Action item:
The records below are to be reproduced exactly, with every picture left out.

◇ ◇ ◇ ◇ ◇ ◇ ◇

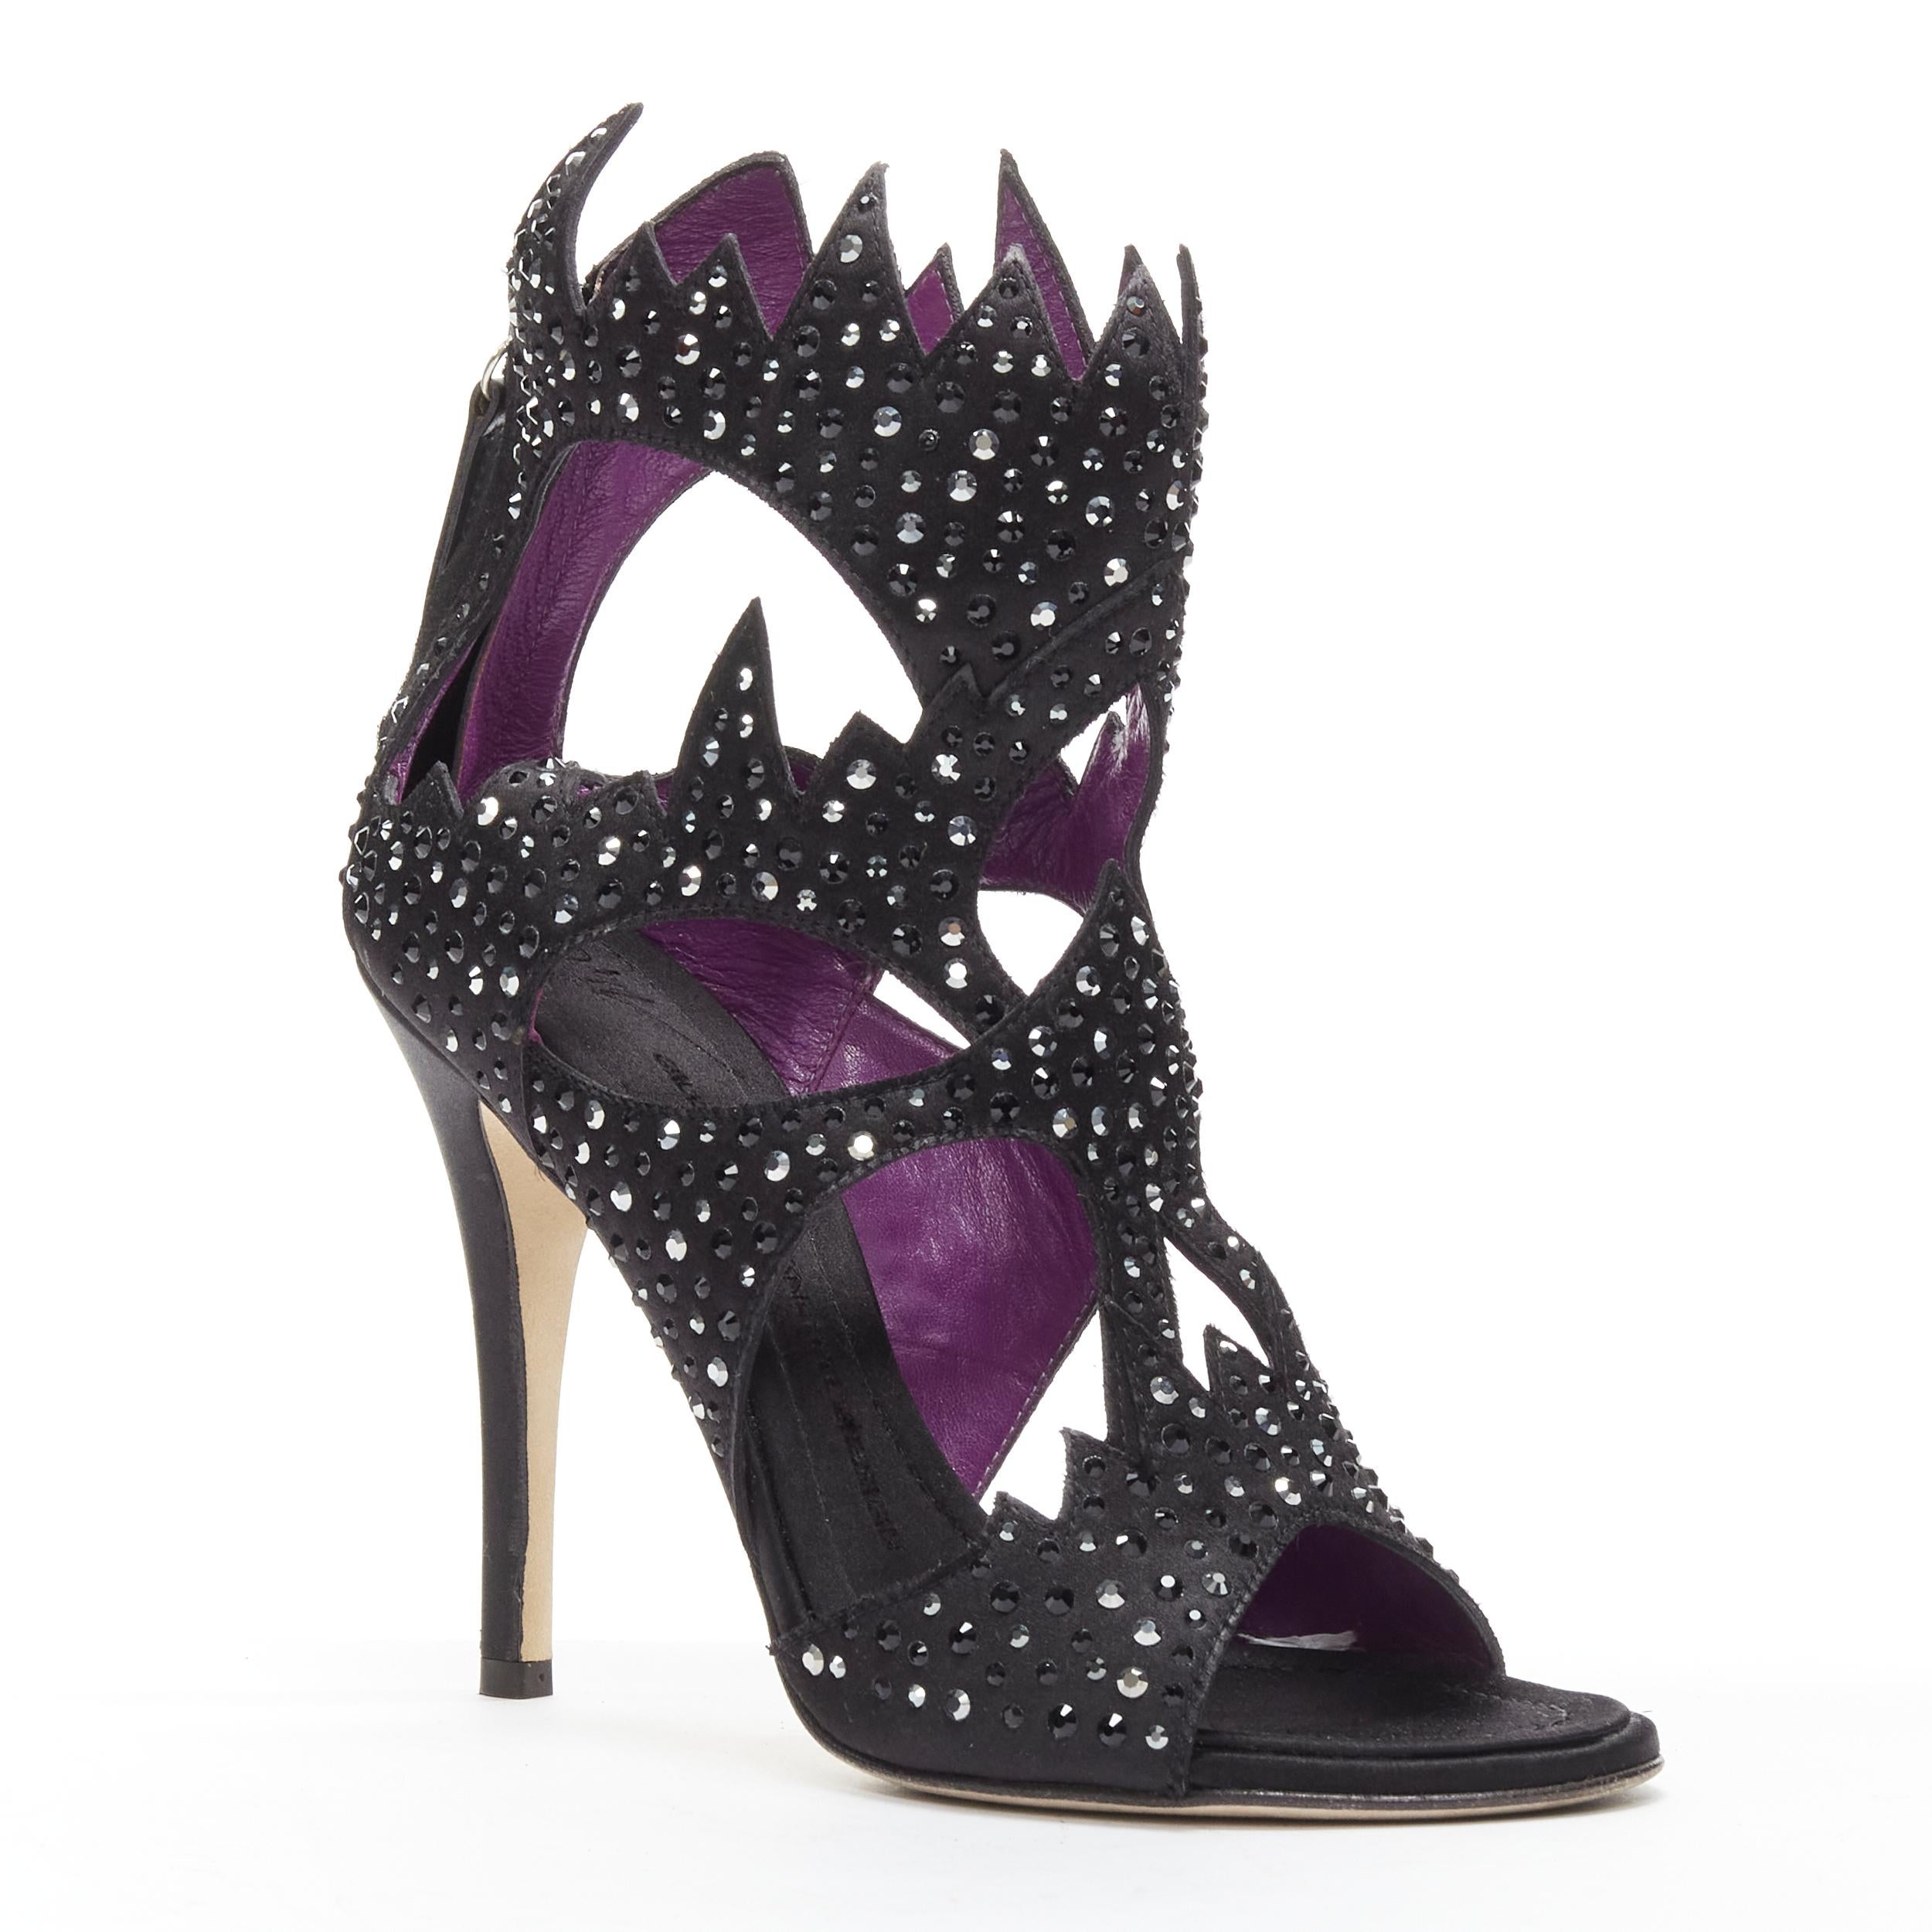 GIUSEPPE ZANOTTI black crystal embellished satin cutout sandals heels EU37.5
Reference: GIYG/A00266
Brand: Giuseppe Zanotti
Material: Satin
Color: Black, Purple
Pattern: Solid
Closure: Zip
Lining: Purple Leather
Made in: Italy

CONDITION:
Condition:

◇ ◇ ◇ ◇ ◇ ◇ ◇

Response:
 GIUSEPPE ZANOTTI black crystal embellished satin cutout sandals heels EU37.5
Reference: GIYG/A00266
Brand: Giuseppe Zanotti
Material: Satin
Color: Black, Purple
Pattern: Solid
Closure: Zip
Lining: Purple Leather
Made in: Italy

CONDITION:
Condition:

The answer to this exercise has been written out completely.